Data to use Block Start

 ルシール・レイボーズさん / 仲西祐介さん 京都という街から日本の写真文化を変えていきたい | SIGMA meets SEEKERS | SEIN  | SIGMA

Data to use Block End
Data to use Block Start

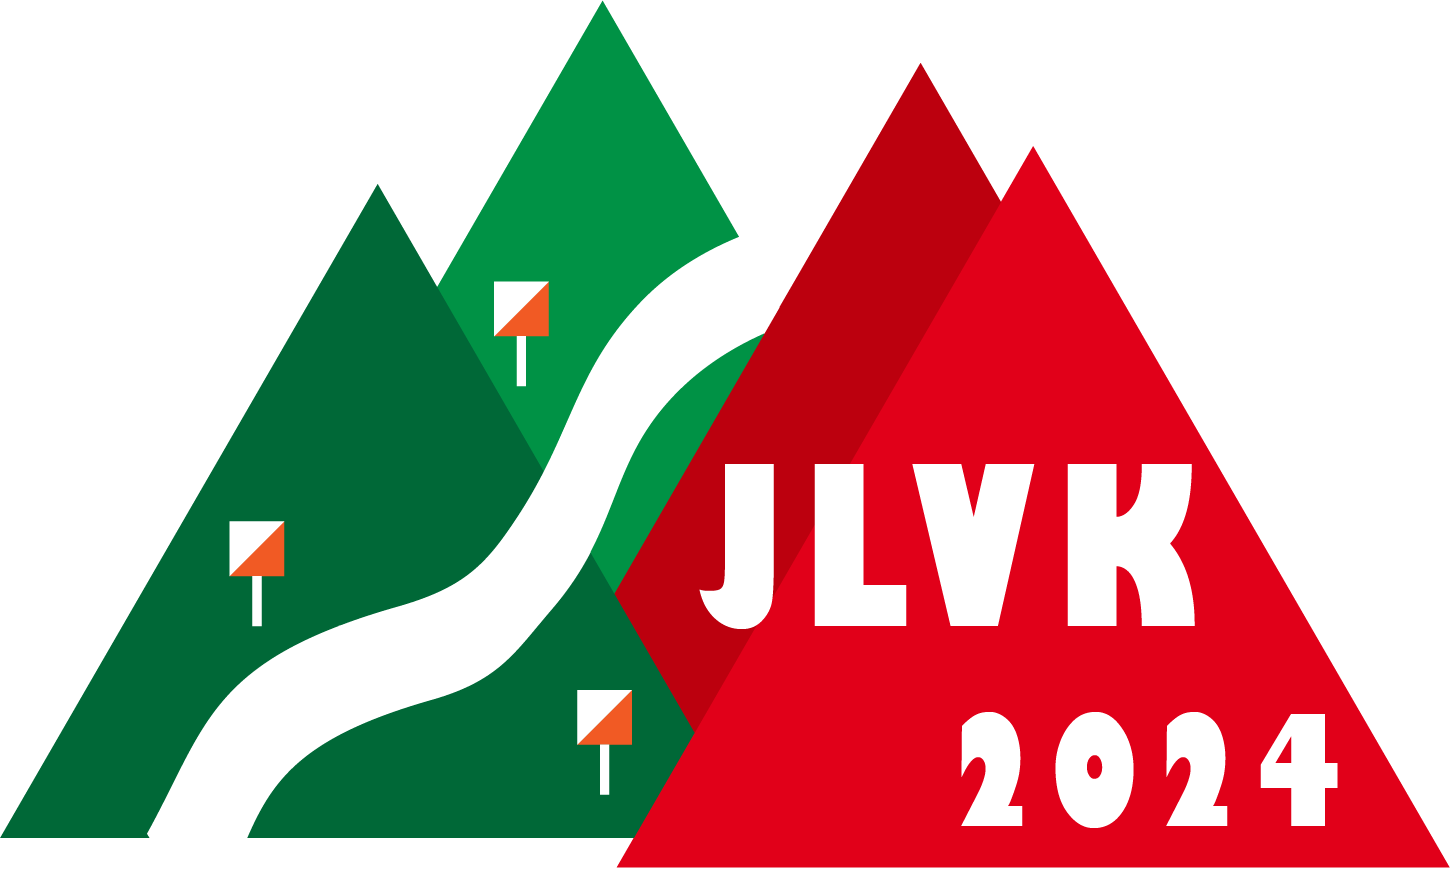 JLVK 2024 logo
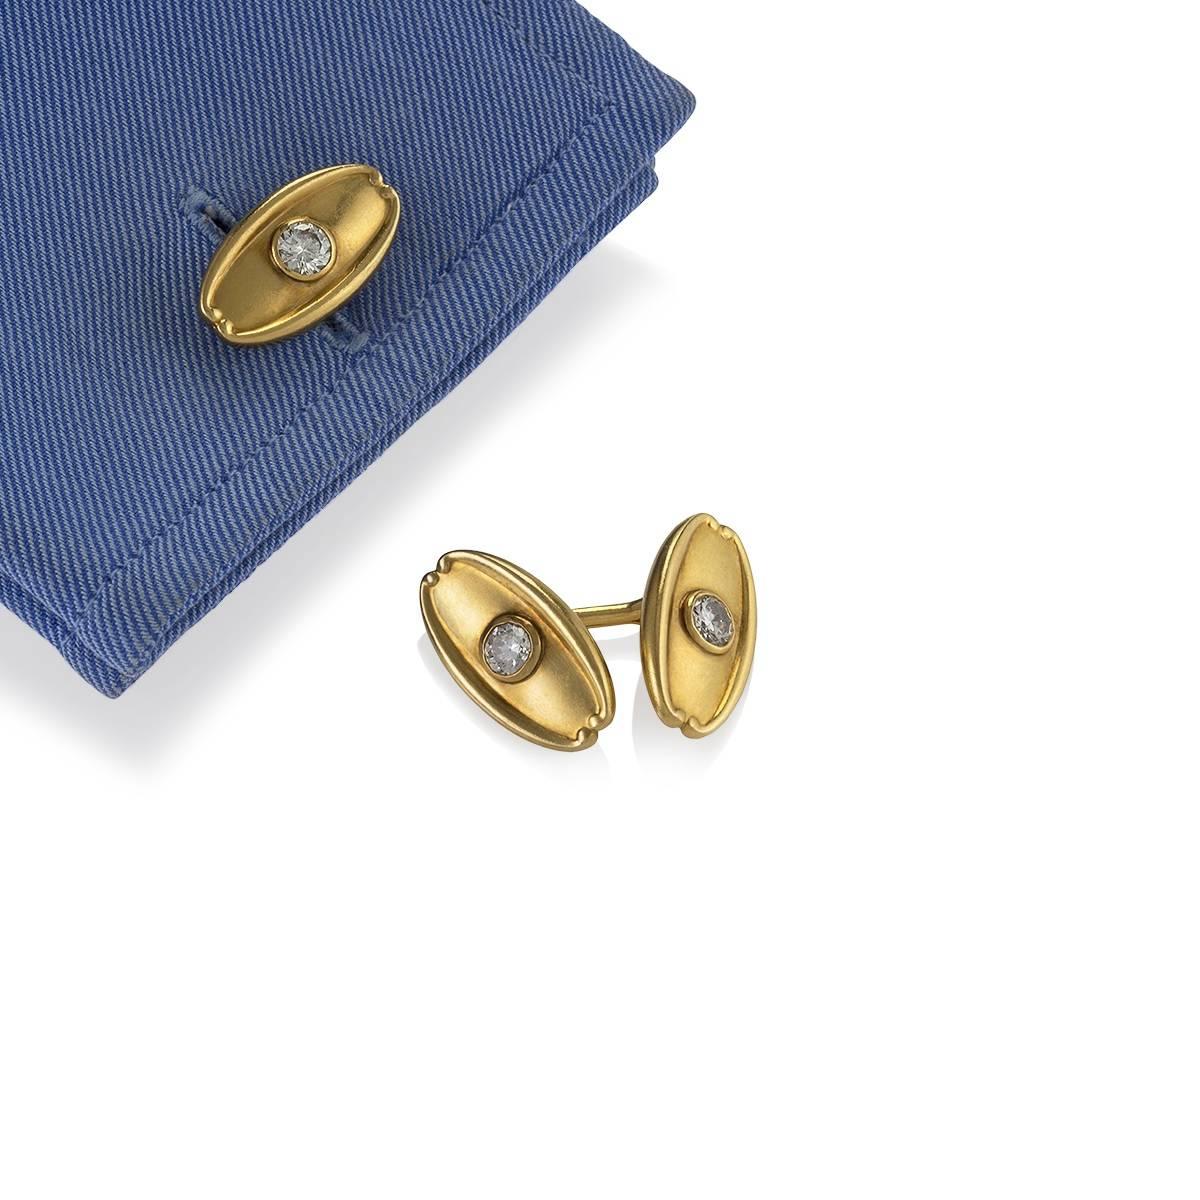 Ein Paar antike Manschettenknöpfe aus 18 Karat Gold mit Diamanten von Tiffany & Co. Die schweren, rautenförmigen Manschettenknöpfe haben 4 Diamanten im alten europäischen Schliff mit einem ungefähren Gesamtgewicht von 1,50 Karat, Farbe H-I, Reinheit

Data to use Block End

▸ Task objective: Starting at the line above that holds "JLVK 2024 logo", repeat every line exactly down to and including the line that holds "Ein Paar antike", then stop. Do not carry over any pictures.

▸ Exercise response:
 JLVK 2024 logo
 Ein Paar antike Manschettenknöpfe aus 18 Karat Gold mit Diamanten von Tiffany & Co. Die schweren, rautenförmigen Manschettenknöpfe haben 4 Diamanten im alten europäischen Schliff mit einem ungefähren Gesamtgewicht von 1,50 Karat, Farbe H-I, Reinheit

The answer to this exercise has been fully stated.